Background to the Research: Aims and Objectives
The aim of the present study was to explore the social contexts, life experiences, vulnerabilities, and sexual risks experienced by men who sell sex in Southern and Eastern Africa, with a focus on five countries: Kenya, Namibia, South Africa, Uganda, and Zimbabwe. These issues were explored in the context of a participatory workshop and focused groups conducted with male sex workers (MSWs). Held in Johannesburg in December 2011, the workshop was underpinned by a definition of MSWs as “any man who accepts money or goods [favor, reward, value] in exchange for sex with another man” (Kellerman et al., 2009). The aim was to explore personal life stories as a way to achieve an understanding of the subjective circumstances and experiences of men who sell sex in these countries. We focused in particular on the experience of men who not only sold sex to other men but who, for the most part, self-identified with same-sex sexuality.
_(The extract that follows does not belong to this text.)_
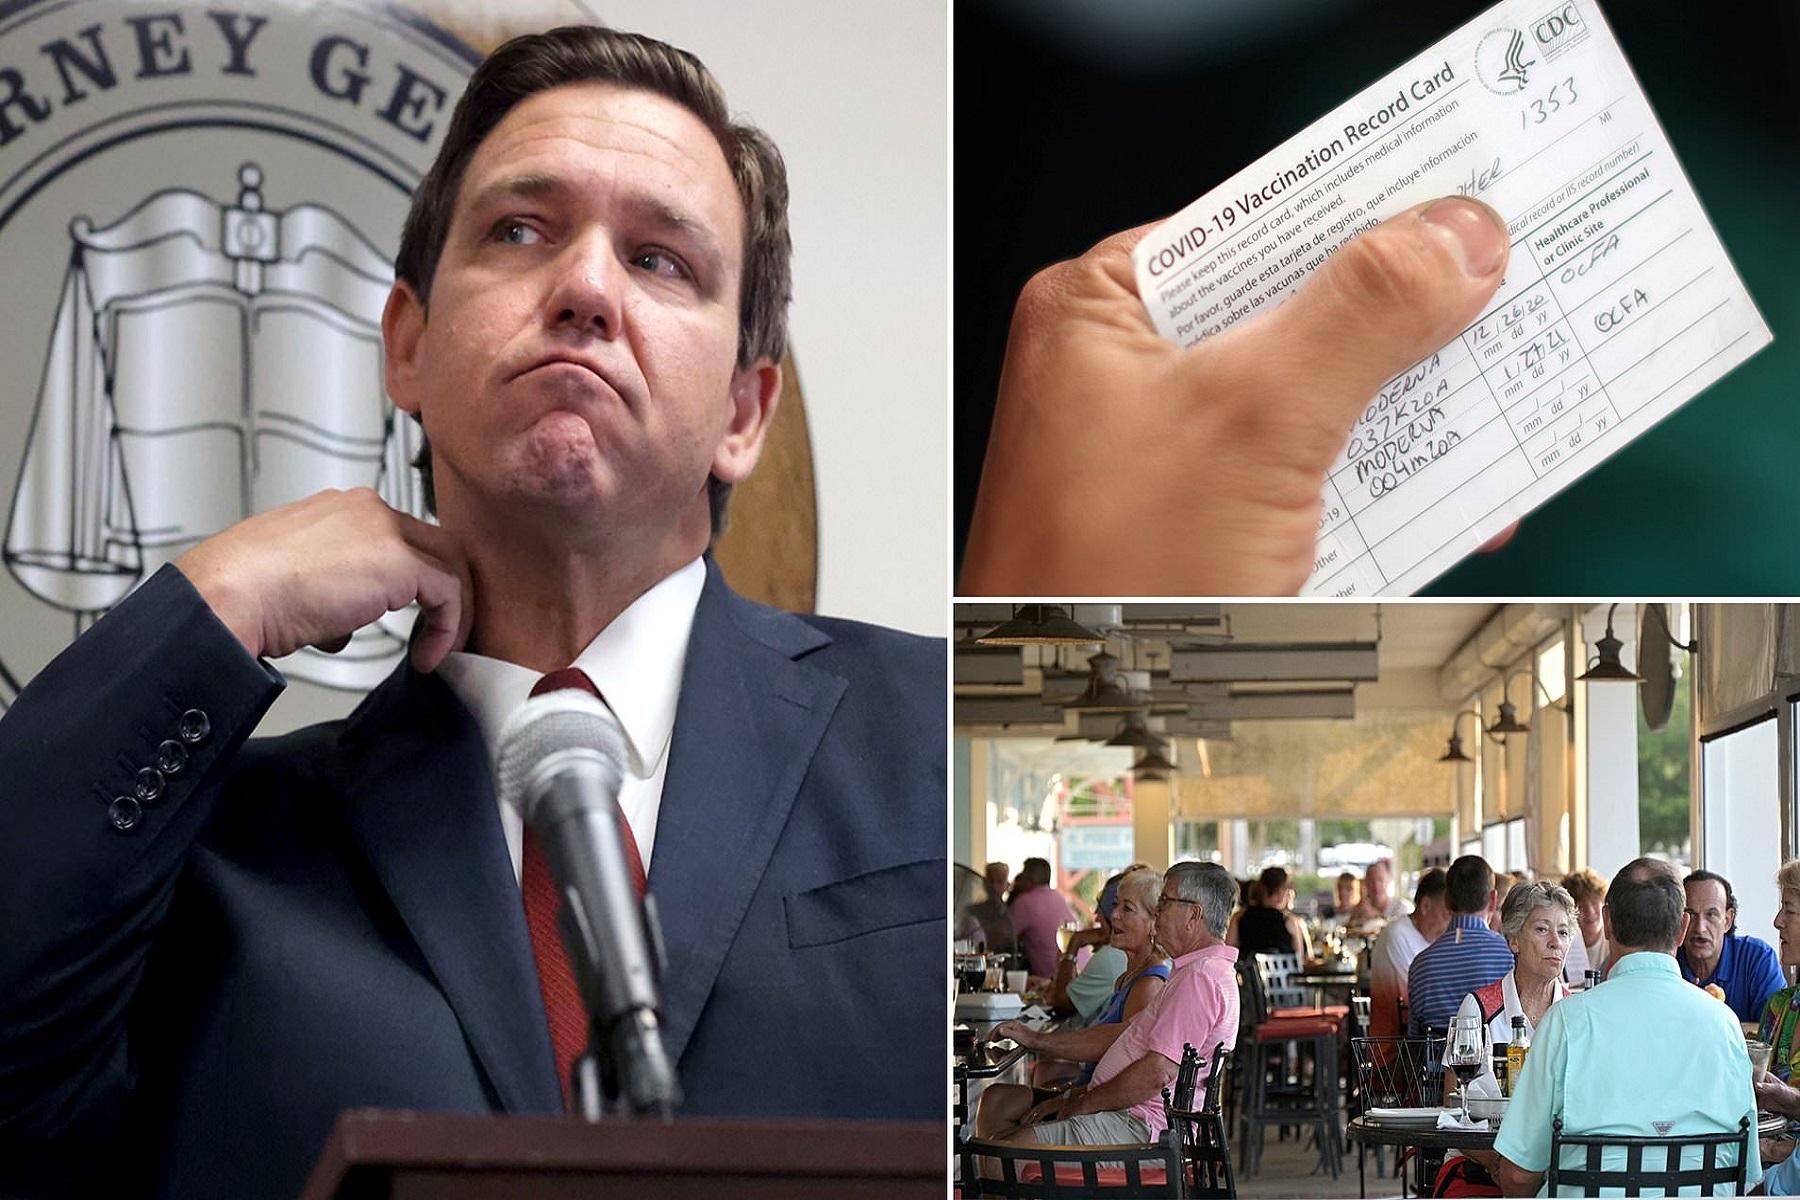 ΗΠΑ Φλόριντα: Θα επιβάλλει πρόστιμο σε όποιον ζητήσει απόδειξη για τον εμβολιασμό κατά της COVID-19 5.000 $

The work also sought to develop new and more effective means of representing MSWs through a respondent-driven approach, which included a seed/snowball method that involved follow-up work in Kenya and Namibia (Magnani et al., 2005). The MSWs who took part in the research represented different contexts on the African continent and a cross-section of personal experiences. They also were among those who might support and develop ongoing leadership for male sex workers in Africa. Against this background, our exploration included three distinct but overlapping areas:
Social contexts,
including the geographic and political contexts of male sex work.
Sexual practices,
including sexual activities, roles, identities, and internal and external responses to the labels designating both men who have sex with men and male sex workers, as applied popularly and in HIV prevention work.
Structural and personal risk factors,
including a range of themes related to personal and social responses to male sex work within the context of marginalization and human rights violations, the absence of explicitly protective laws, HIV and AIDS, substance abuse, sociopolitical influences, family, culture and taboos, religion, stigma/prejudice, internalized phobias, and legislation.